Problem:
Verbatim output of the lines below is required, with the images omitted.

──────── Data segment ────────

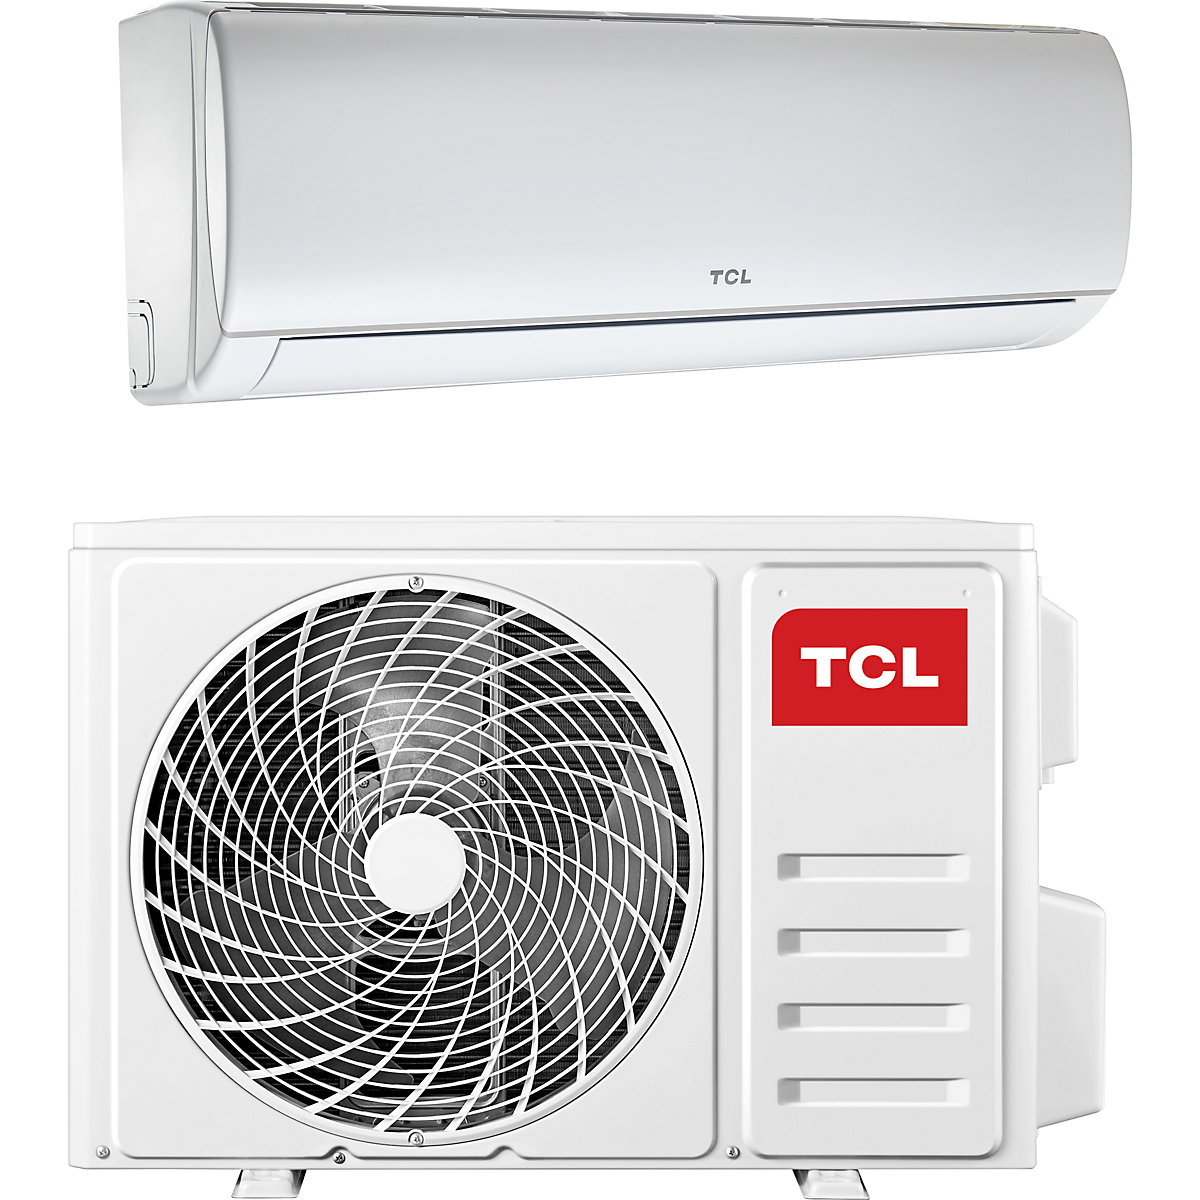 12000 BTU split air conditioner - TCL
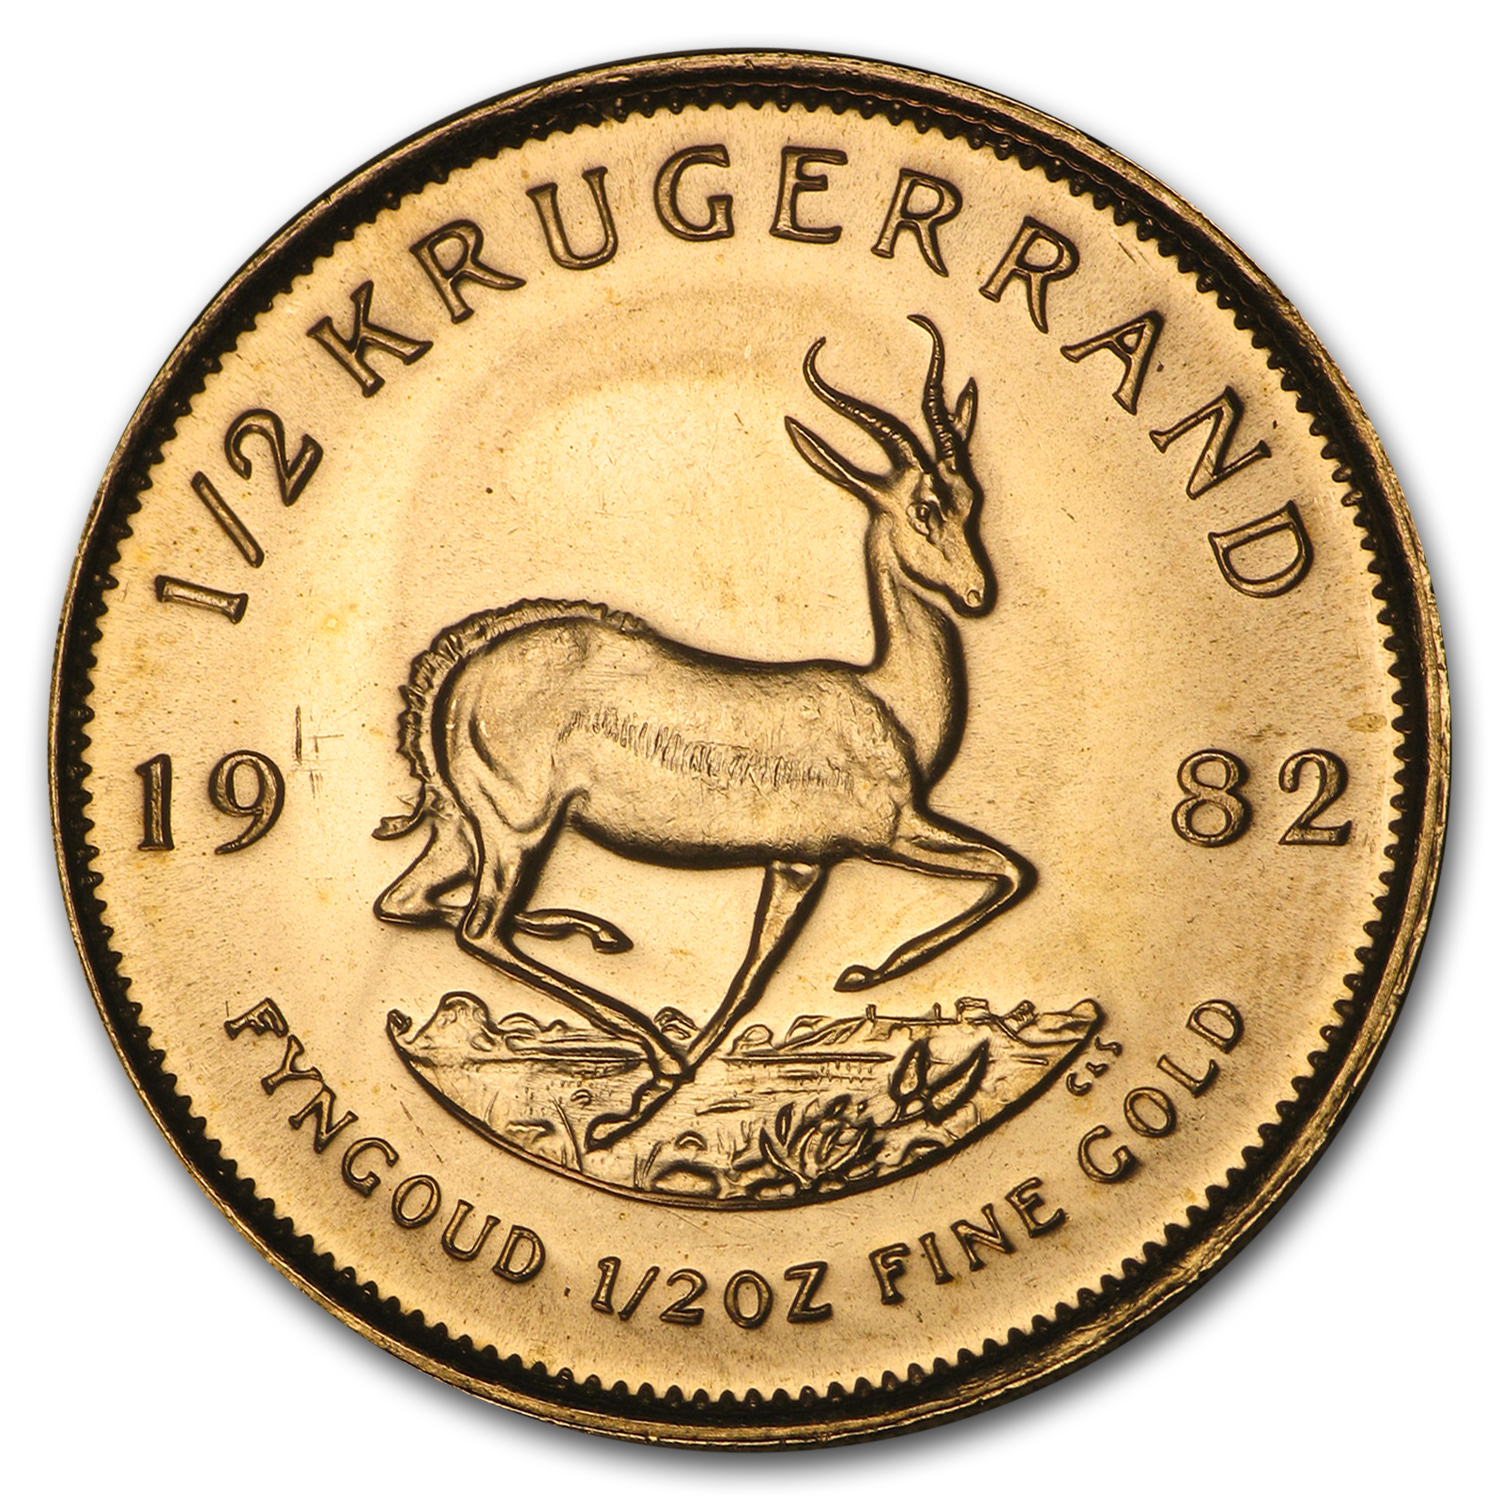 Buy 1982 South Africa 1/2 oz Gold Krugerrand
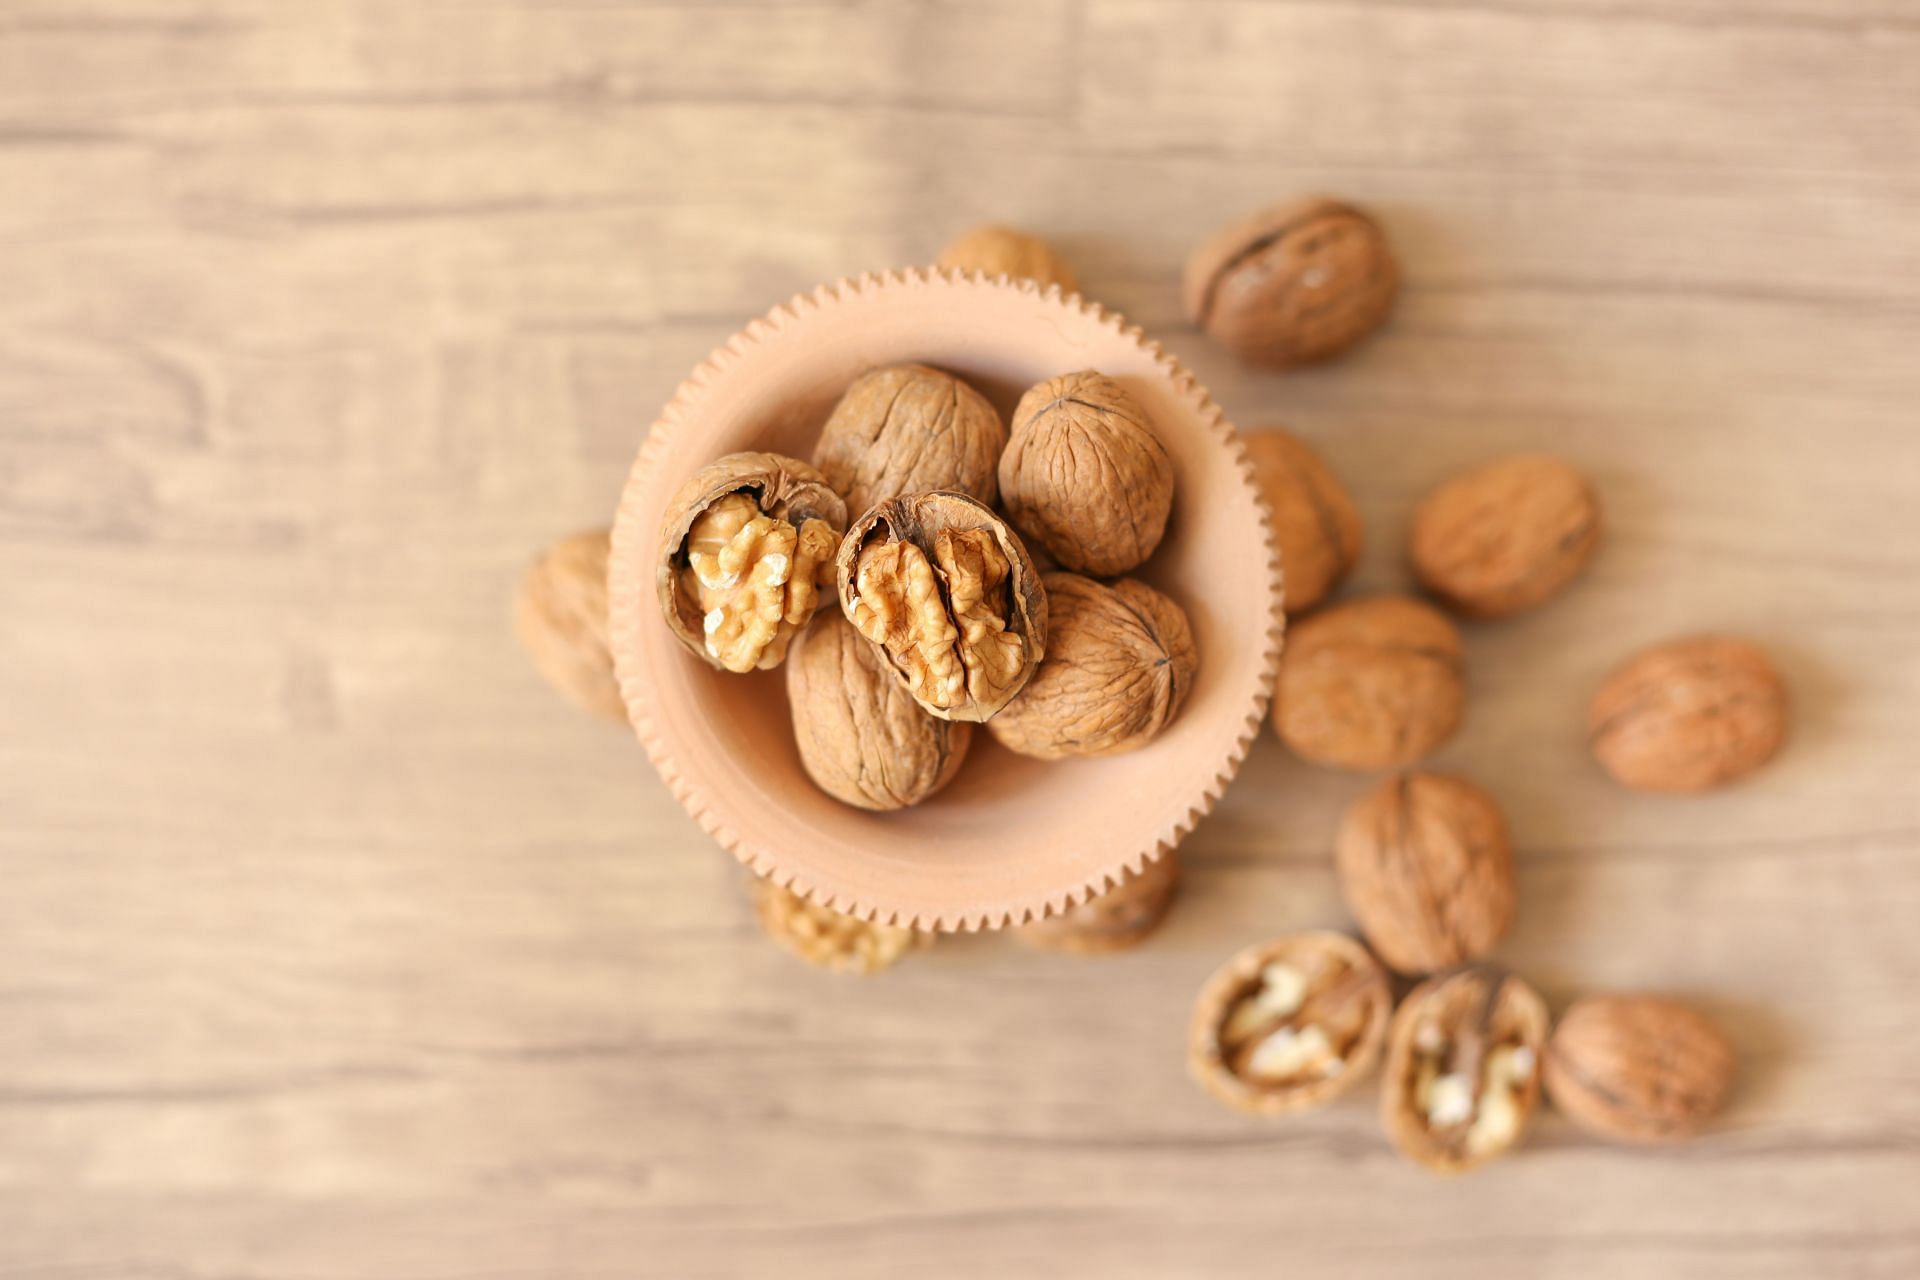 Walnuts are superfood (Image via Unsplash/Sahand Babali)

────────

Written answer:
 12000 BTU split air conditioner - TCL
 Buy 1982 South Africa 1/2 oz Gold Krugerrand
 Walnuts are superfood (Image via Unsplash/Sahand Babali)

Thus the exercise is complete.